Lettre de Guy Debord à Catherine Fajour, des Éditions Gallimard
Le 27 mars 1993
Chère Madame,
Par votre lettre du 3 mars, vous m’informez d’une demande d’un M. Daniel Bougnoux, professeur de sciences de l’information et de la communication à l’université de Grenoble, qui voudrait reproduire le premier chapitre de La Société du spectacle [Dans une anthologie où Guy Debord serait apparu entre Michel Serres et Jacques Derrida]. J’ai naturellement très peu d’estime pour les gens qui font ce lamentable métier, dont on voit partout les sinistres résultats.

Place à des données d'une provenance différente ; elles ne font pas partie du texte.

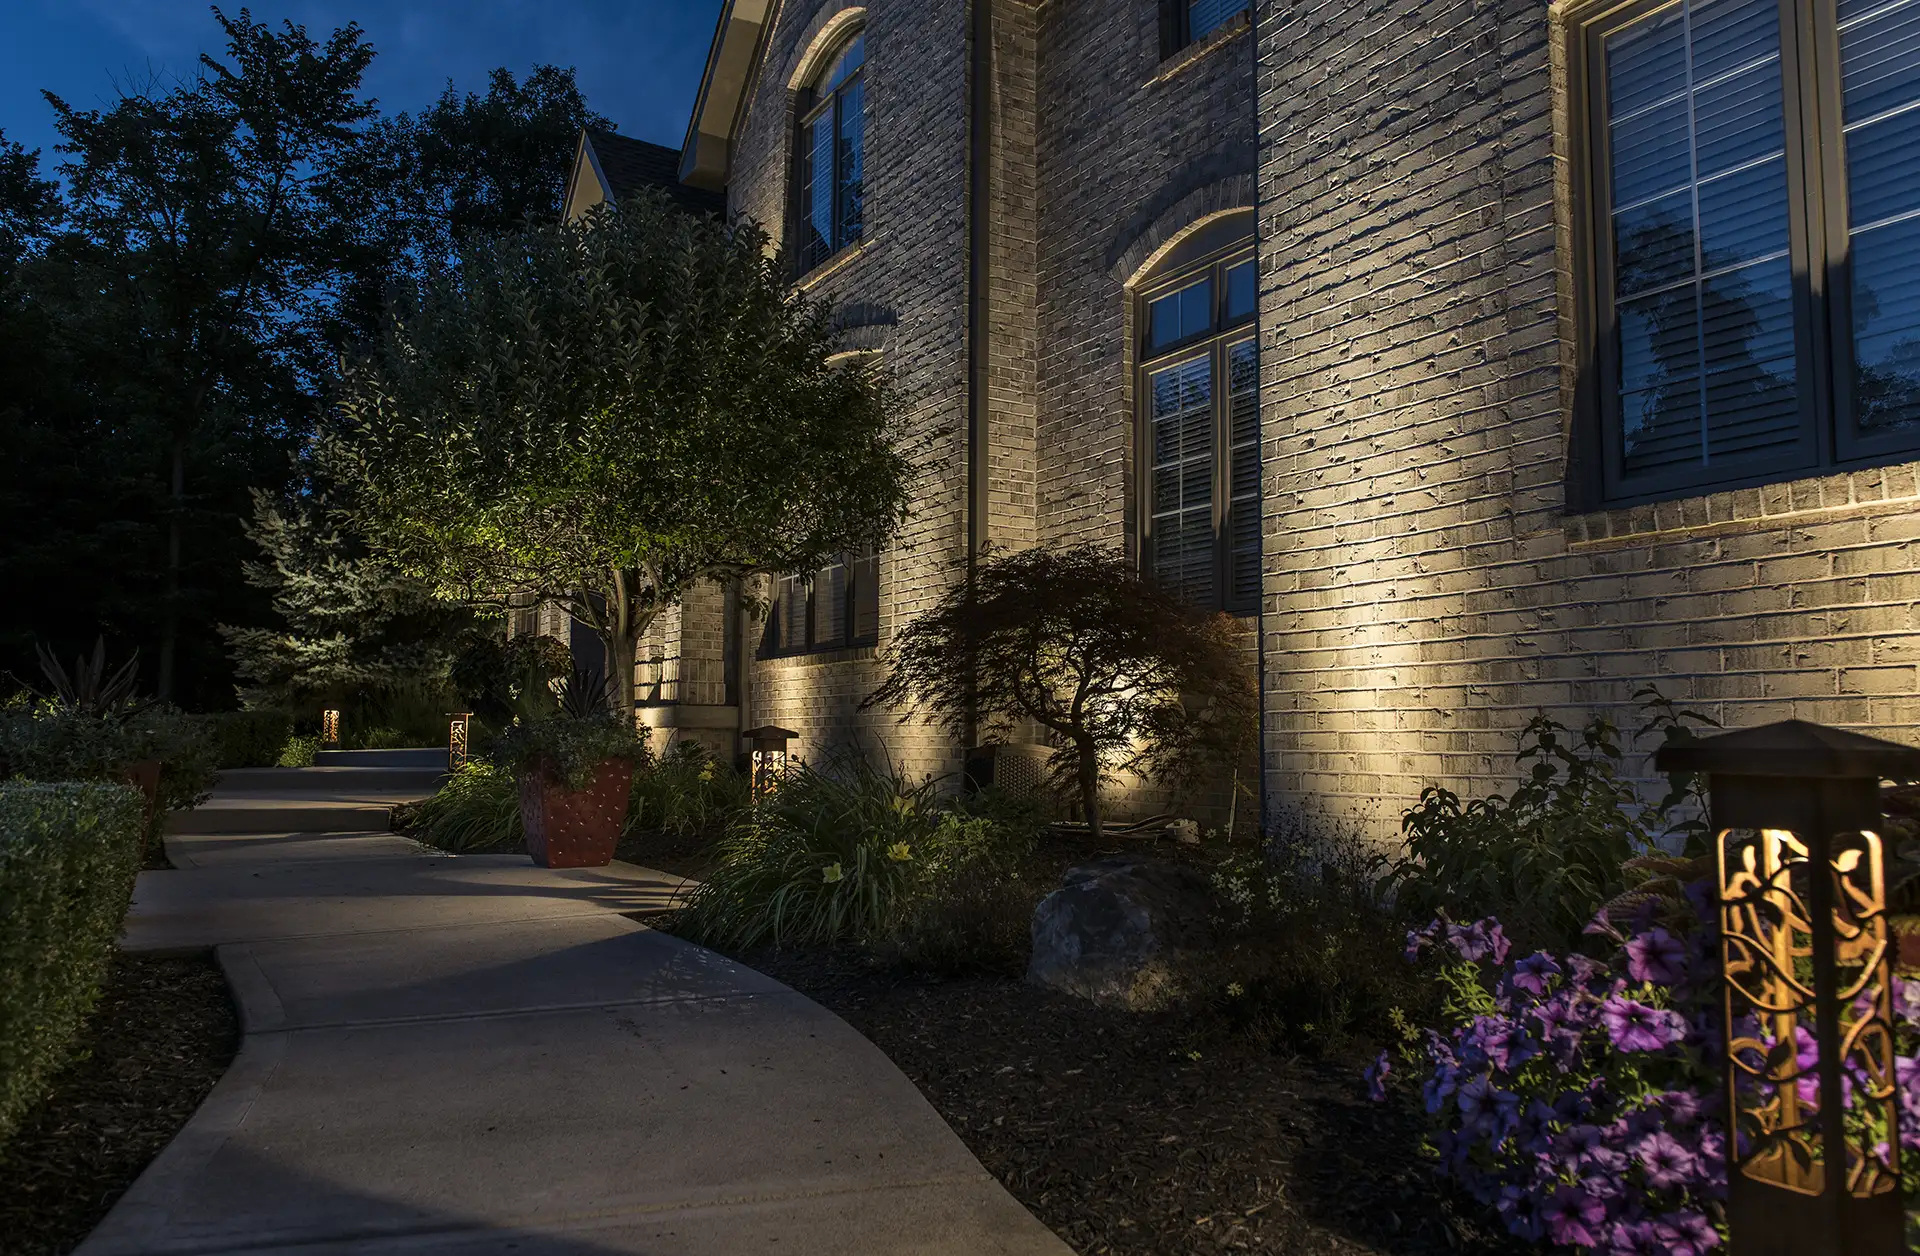 Fuson residence image 1 4x4 bollard light front entrance path Lighthouse Outdoor Lighting and Audio Delaware

Mais je m’avise en oucre que ce M. Bougnoux a prétendu souligner par lui-même un certain nombre de nouvelles phrases, les ajoutant sans gêne à celles que j’avais moi-même déjà soulignées. Ces machines de Grenoble se croient donc tout permis. Elles se trompent, là comme partout ailleurs, je refuse à M. Bougnoux le droit de se livrer à ses sottes petites falsifications. Pour ne pas nous obliger à trop de correspondances sur de si minimes problèmes, je vous prie de noter qu’il faudrait refuser toute autre éventuelle demande du même penseur sur d’autres sujets ; et aussi bien, pour faire bonne mesure, refuser désormais n’importe quel professeur de l’université de Grenoble, puisque cette niaise université est réputée pour compter parmi ses titulaires de chaires un seul Bougnoux.
Dans cette attente, je vous prie d’agréer, chère Madame, l’expression de mes sentiments les meilleurs.